# Mantids and herbs



## Raya (May 25, 2009)

I've been on a bit of a gardening kick recently, and the thought occurred to me...why not use my terrarium as a herb garden?

My tank is fairly large, so there's enough room for both the mantids and the plants, as well as being warm and moist. The waste the mantid produces would be recycled by the plants, and as well as being an interesting habitat, it would provide me with a regular tasty supply (the herbs that is, not the mantis!).

I've browsed the forum and quite a few people have had success with growing plants. Has anyone tried it with herbs? Would some species be detrimental to the mantis? Would it be okay to keep crickets in there too, to help flush out their systems?


----------



## jameslongo (May 25, 2009)

Oh dear, remind me never to come over for dinner.  

Crickets will probably make a meal of your herbs if you keep them in there.


----------



## Rick (May 25, 2009)

Sounds good. I doubt crickets will mess with most herbs. SLugs like to eat my basil and cilantro though.


----------



## hibiscusmile (May 25, 2009)

hummmm!


----------



## Katnapper (May 25, 2009)

I think it's a neat idea... I say try it!!  And let us know how it goes.


----------



## PhilinYuma (May 25, 2009)

Sounds interesting. Do you ever make herb butter? A couple of crix should make it nice and crunchy!


----------



## cloud jaguar (May 25, 2009)

That's cool - then your herbs will be fertilized with mantis turds!


----------



## agent A (Jun 17, 2009)

Arkanis said:


> That's cool - then your herbs will be fertilized with mantis turds!


mantids don't poop much


----------



## agent A (Jun 17, 2009)

Rick said:


> Sounds good. I doubt crickets will mess with most herbs. SLugs like to eat my basil and cilantro though.


Put salt on slugs. It skins, burns and turns them black.


----------



## Rick (Jun 17, 2009)

agent A said:


> Put salt on slugs. It skins, burns and turns them black.

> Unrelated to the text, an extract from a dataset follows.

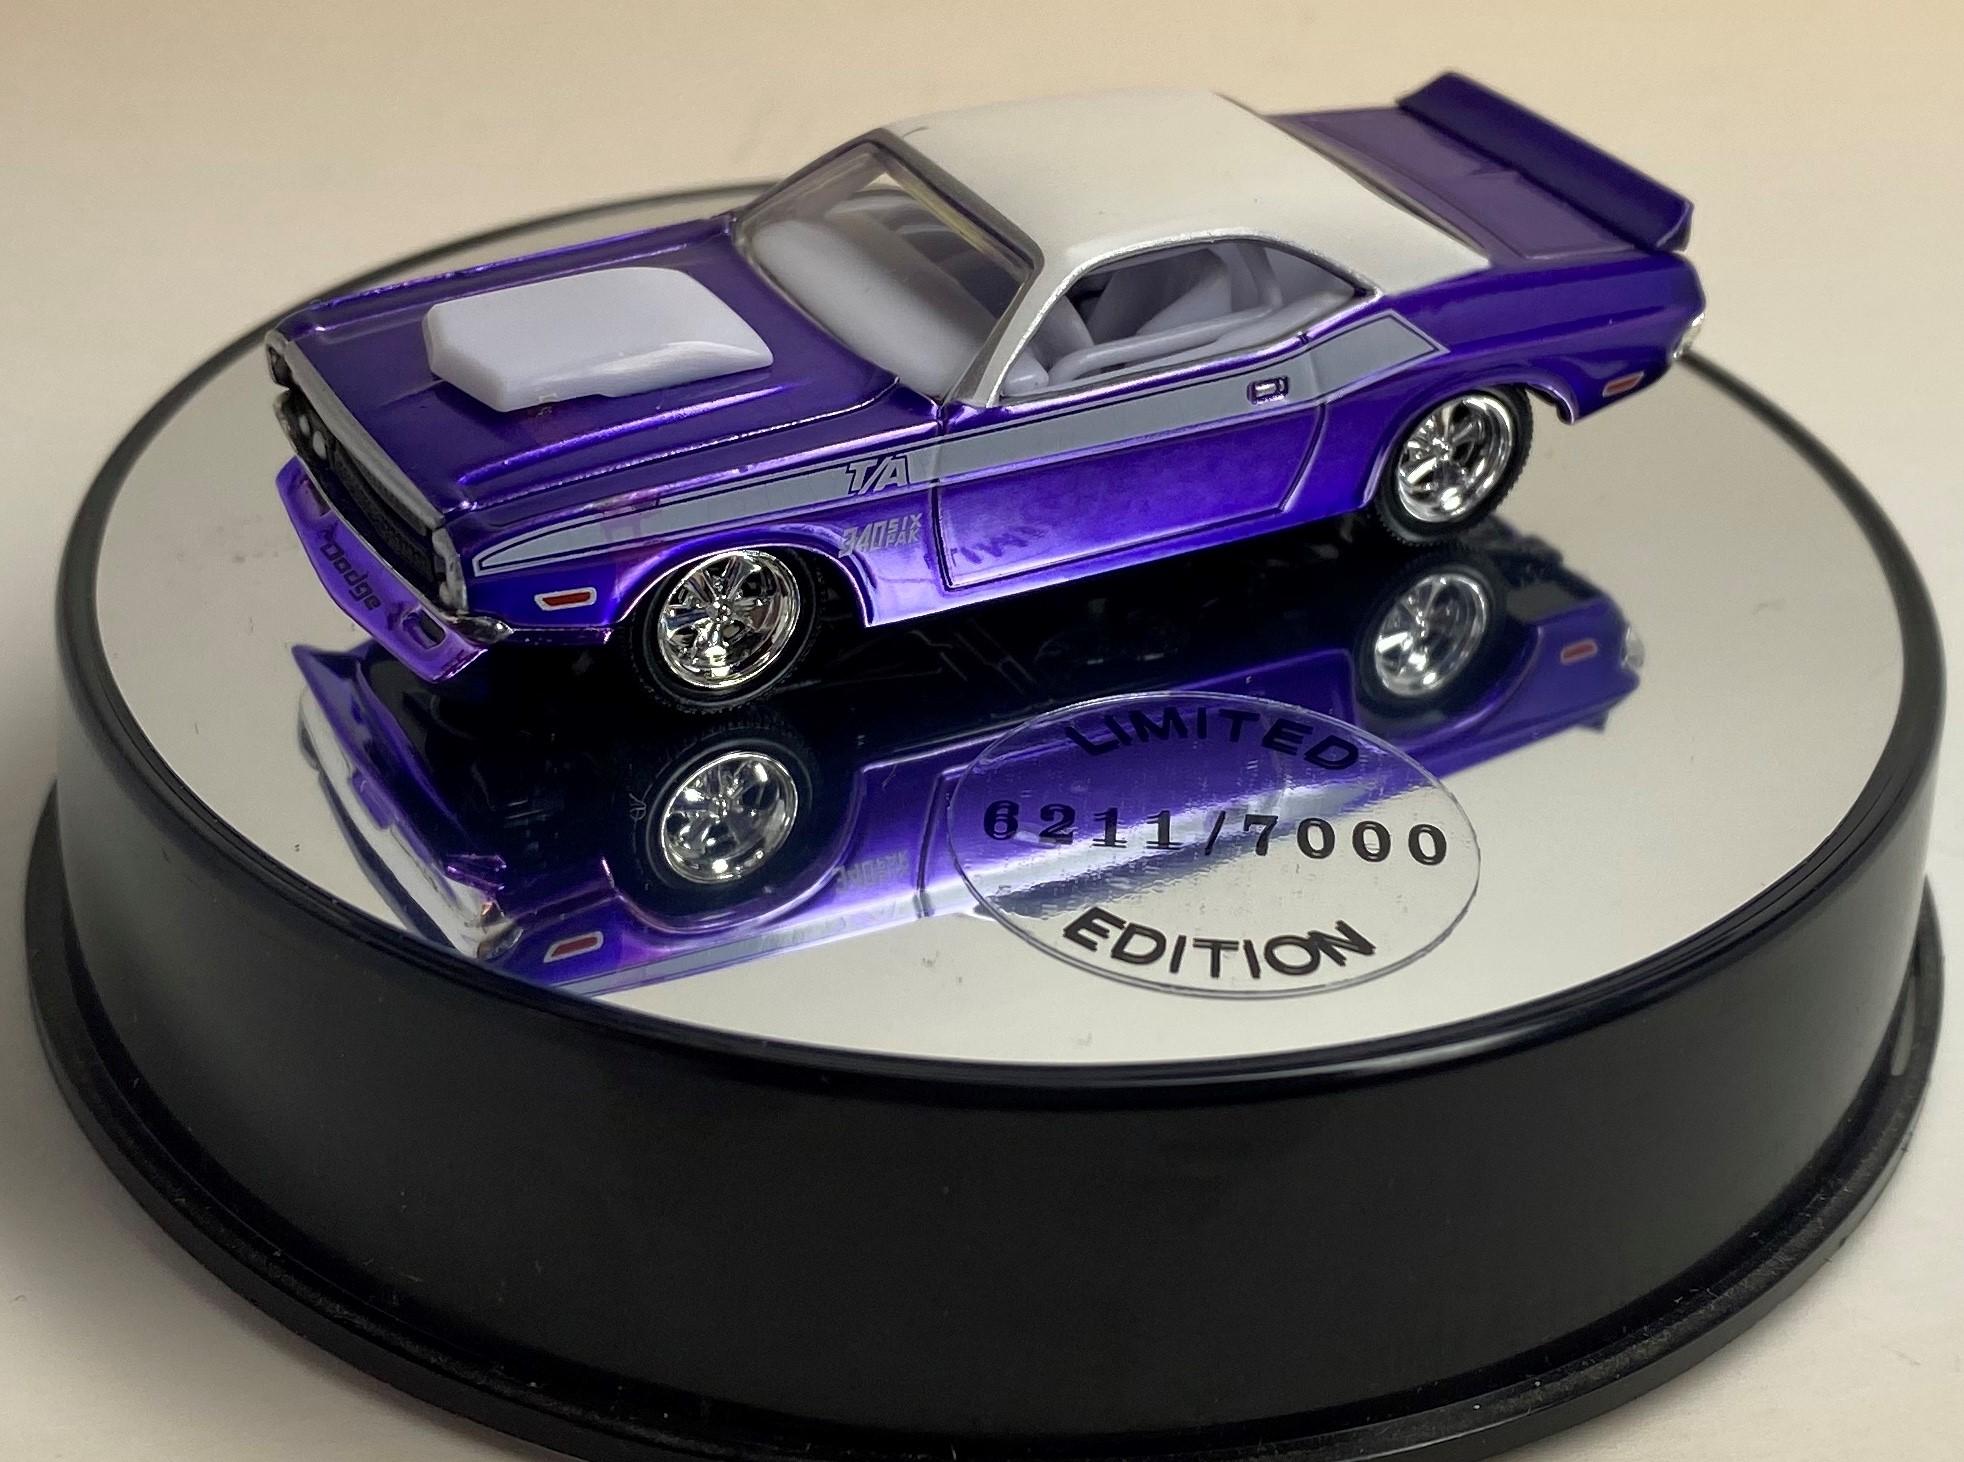 2005 Showcase Hot Wheels

Yes I know however salt really isn't used in the garden to deter slugs.


----------



## OGIGA (Jun 17, 2009)

Good idea! I guess you just have to keep the herbs trimmed because if it gets too bushy, all the droppings will be held up by the leaves.


----------



## Emile.Wilson (Jun 17, 2009)

Rick said:


> Yes I know however salt really isn't used in the garden to deter slugs.


beer is though


----------



## Rick (Jun 17, 2009)

Emile said:


> beer is though


So is copper and diatomaceous earth. Which is why my raised beds have beer traps on each side. I'm not looking for slug advice.


----------



## Emile.Wilson (Jun 17, 2009)

Rick said:


> So is copper and diatomaceous earth. Which is why my raised beds have beer traps on each side. I'm not looking for slug advice.


but beer is funnier


----------



## Rick (Jun 18, 2009)

Emile said:


> but beer is funnier


Did you mean funner? B)


----------



## agent A (Jun 20, 2009)

funner isn't a word!


----------



## Emile.Wilson (Jun 20, 2009)

Rick said:


> Did you mean funner? B)


no funnier, because i just imagine somebody going out into their garden and pouring beer in the soil while taking sips of the beer


----------



## gadunka888 (Jun 21, 2009)

its funner as well as funnier!  

but i dun do that becos

1. i dun have a garden

2. im 11 yrs old

3. In singapore, the slugs just dry up and die. not much of a slug problem, except when you step on their corpses!


----------